What a Father Could Say to a Trafficked Daughter
© 2023 Adults Saving Kids
Two Stories First
These two stories tell of two fathers mentioned in the support group we had when my wife, Ina and I were dealing with a trafficked daughter. One father was an Episcopal priest who lived in the New England area. His daughter had been trafficked. His wife was in our support group. She worked for Honeywell. At this time the daughter was in prison in Georgia but was getting out. The mother wanted the father to get involved but he kept his distance. The reality for many young women in this kind of circumstance is they need a trustworthy man who cares about them. This might be the only hope they have. One they can rely on, who loves and treasures them. This father was not ready to be that person. Sadly!

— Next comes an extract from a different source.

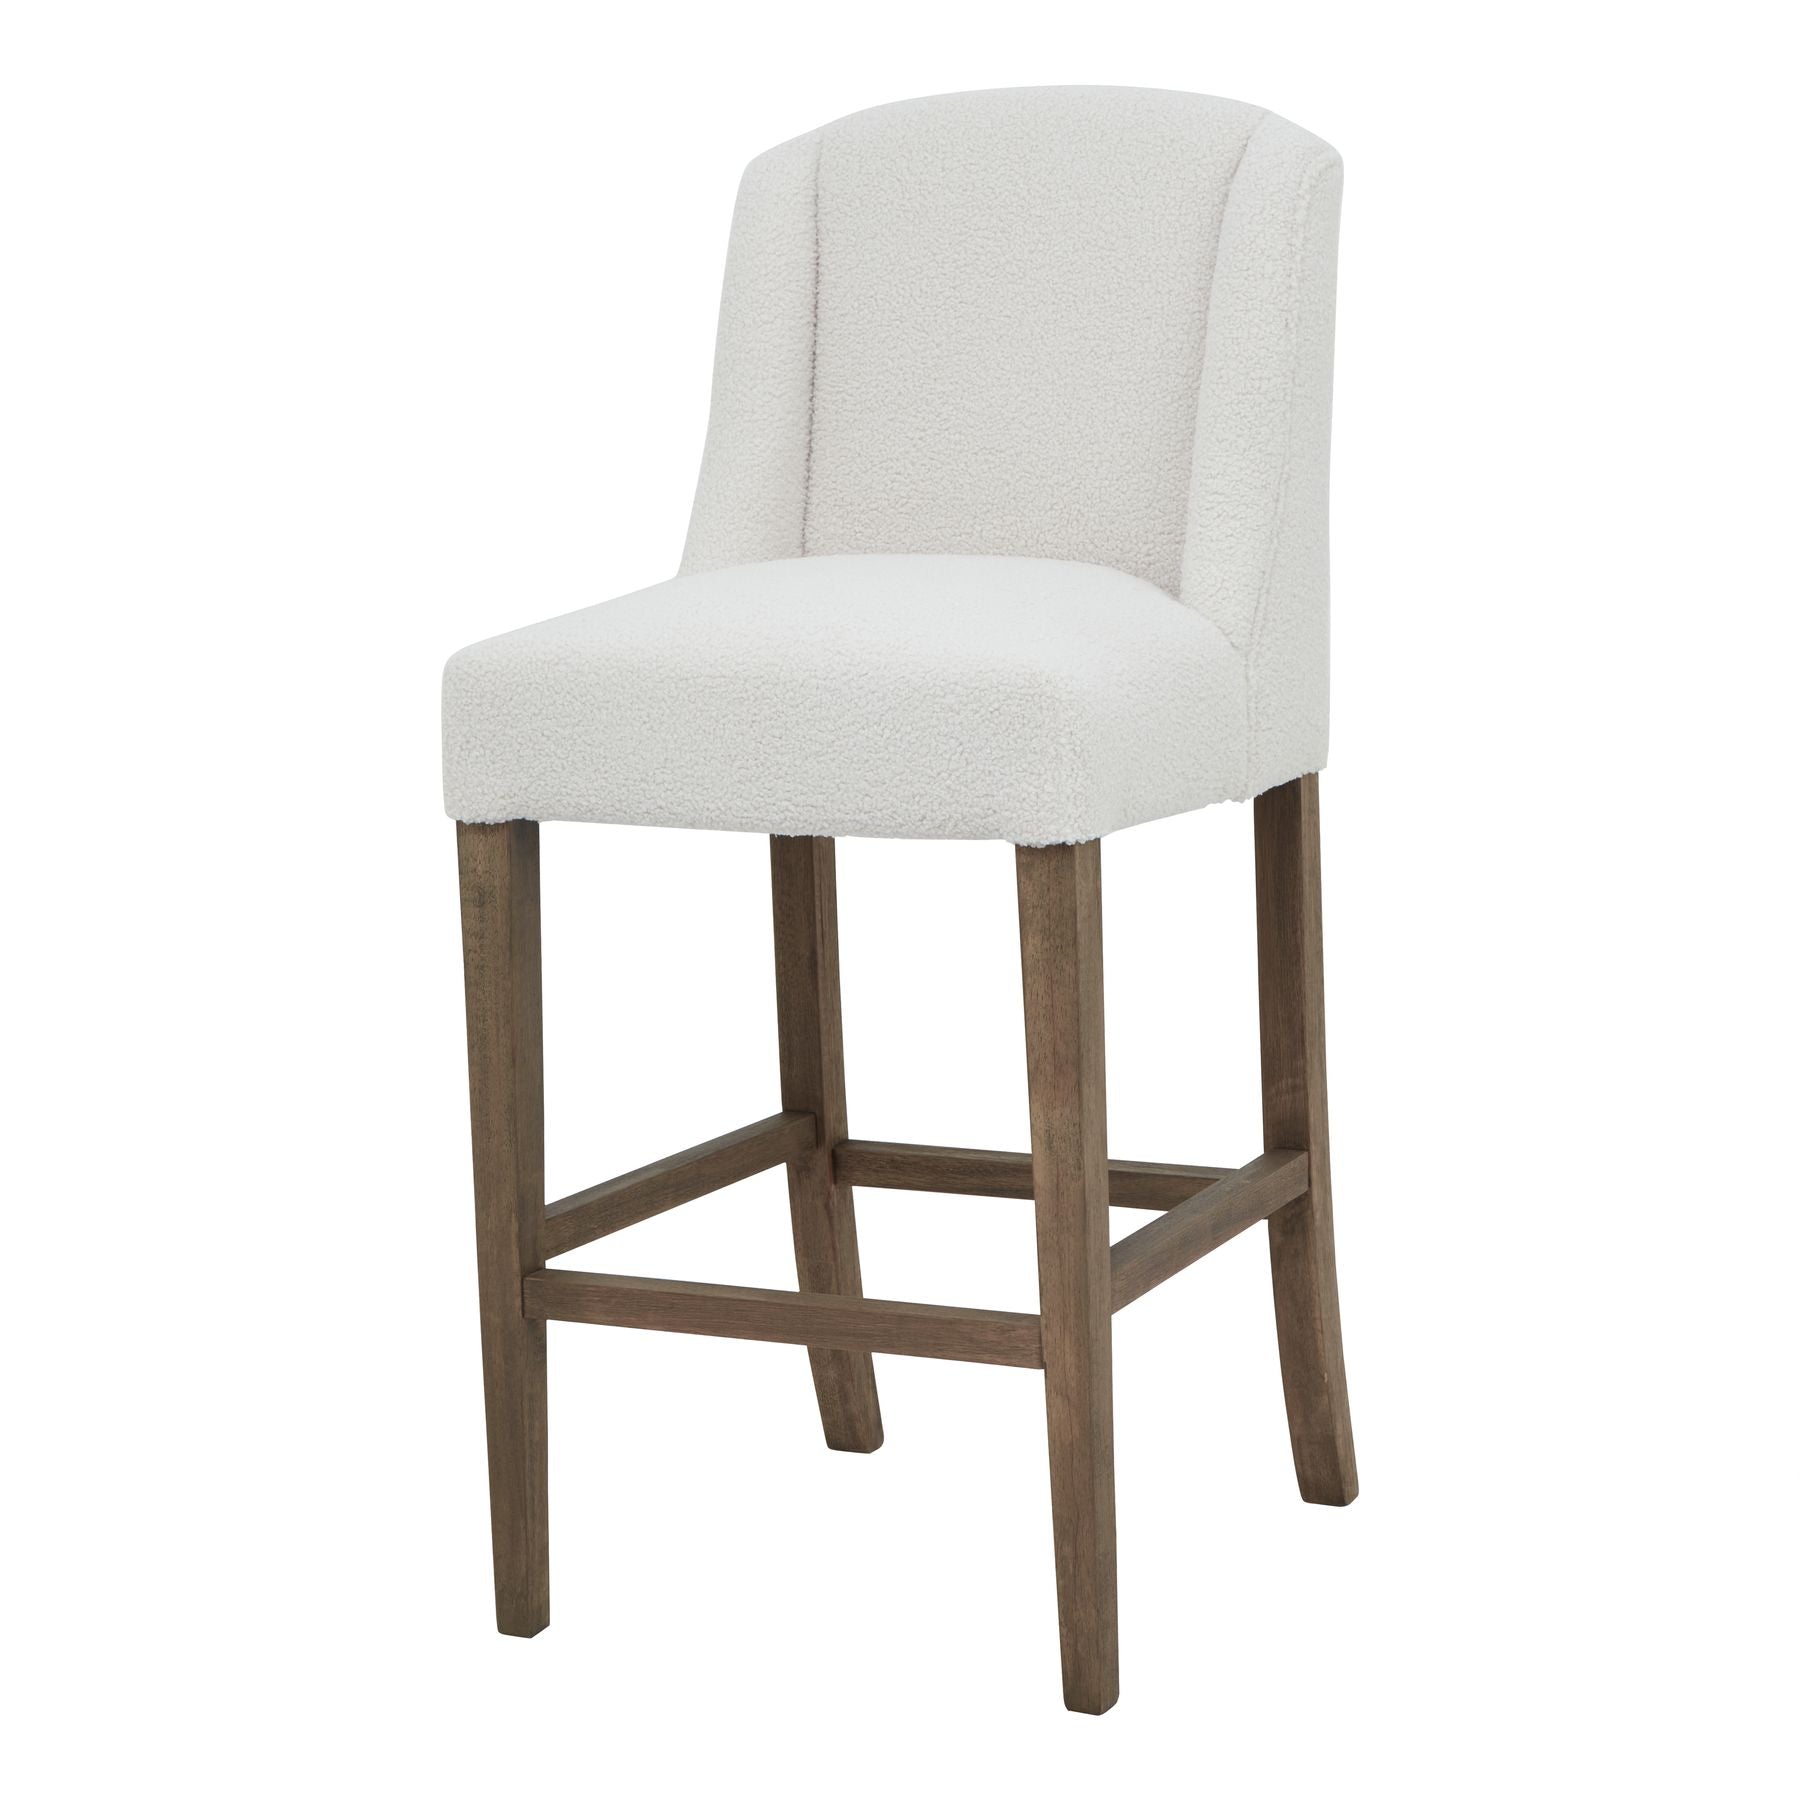 View Compton Boucle Barstool information

The mother went to Georgia when her daughter got out of prison and brought her back to the Twin Cities. All was well for the moment, but the mother had to go to her job. Meanwhile the daughter was left alone. Either she or some man called on the telephone. This was before cell phones. After two days when the mother came home from work, the daughter was gone. She was back on the streets. Later the daughter had a baby somewhere on the west coast and left the baby on the porch of someone’s house and took off. My heart went out to her for all the heartache she experienced in her lifetime. Much later I heard the mother died How much agony can a person take? The mother was heartbroken by all these circumstances.
Another mother in our support group had a daughter who was trafficked to Chicago. Somehow, she got away from the pimping guy and came home. When the mother came to the support group, she agonized over the refusal of her husband to talk to his daughter. He thought that it was her fault for going to Chicago and getting herself into such a fix. Months passed but the dad would not forgive his daughter or talk to her. Finally the daughter took off, went to Las Vegas and got right back into the fix she was in before—selling herself. What a tragedy! Sometimes parents don’t understand either the vulnerability of our kids or the sophisticated scheming of the traffickers. Unfortunately they don’t realize how important their love, understanding and support is.

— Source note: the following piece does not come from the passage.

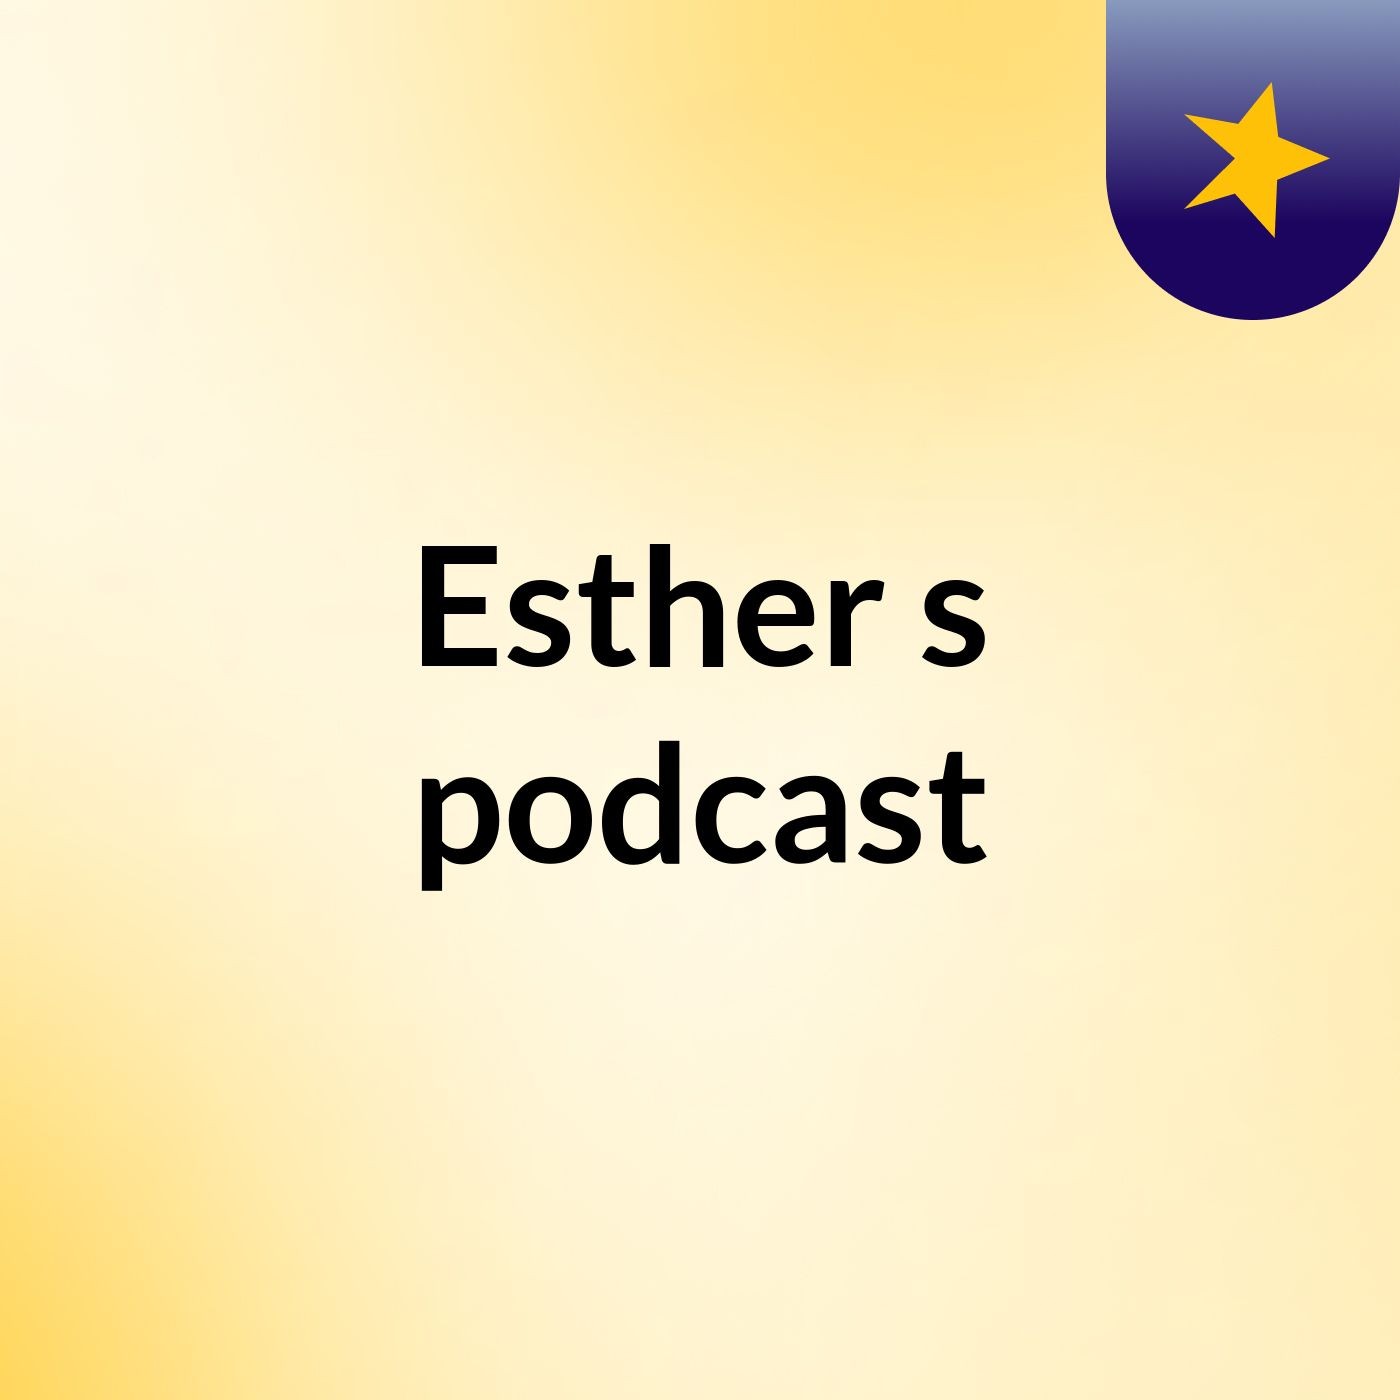 Esther's podcast

It is easy for a man in America to be a wimp, to not lead with strength, virtue and honor. Is not this one of the reasons the sex industry flourishes?
How can a father support a daughter and family after a trafficking situation? How can he be a hope and a support?
First of all, most fathers do not understand how choices are made inside of choices. A squirrel entering a trap with peanut butter on the far end is indeed making a choice. However, the person who bought the trap and put the peanut butter at the far end of the trap also made a choice. So the squirrel is making a decision to enter without realizing that some other being has also made the decision to entrap the squirrel. We can call this making a choice inside of a choice.
If a father sees this for what it is, then that father can speak frankly to his daughter and say, “You got set up by someone presenting to you what looked like a good thing but they had their own plans, pretty sure as to how you would respond. We never taught you about these things so we actually did not do what we could have done. We did not equip you to see through set-ups. We did not inform you of the kind of people who are out there. We did not take seriously how at your age you were inexperienced with the sophisticated schemes people have to take advantage of the unprepared. I choose to love you now as I always have in the past. I choose to stand by you here with all that’s happened. We are going to get through all the trauma you have experienced. You are important and valuable to me. You are still God’s child and that means God loves you. You will have moments of self-blame. You will have memories that create havoc in your mind and soul. This is not easy to deal with but here I am. I am for you, not against you. There will be moments where you might lose control. There will be moments where you will remember what the trafficker told you that your parents don’t care about you anymore. That is all baloney. Don’t let these thoughts get a foothold in your thinking. You are special to me, to our family. God forgives whatever there is to forgive. I forgive whatever there is to forgive. Forgive me for not preparing you. Will you do that? Listen to the words I am speaking. They are the truth, not the falsehoods and lies somebody concocted to get control of your mind. It might take a while. You are on the road to recovery and that is a good road to travel. Do you get what I am saying?”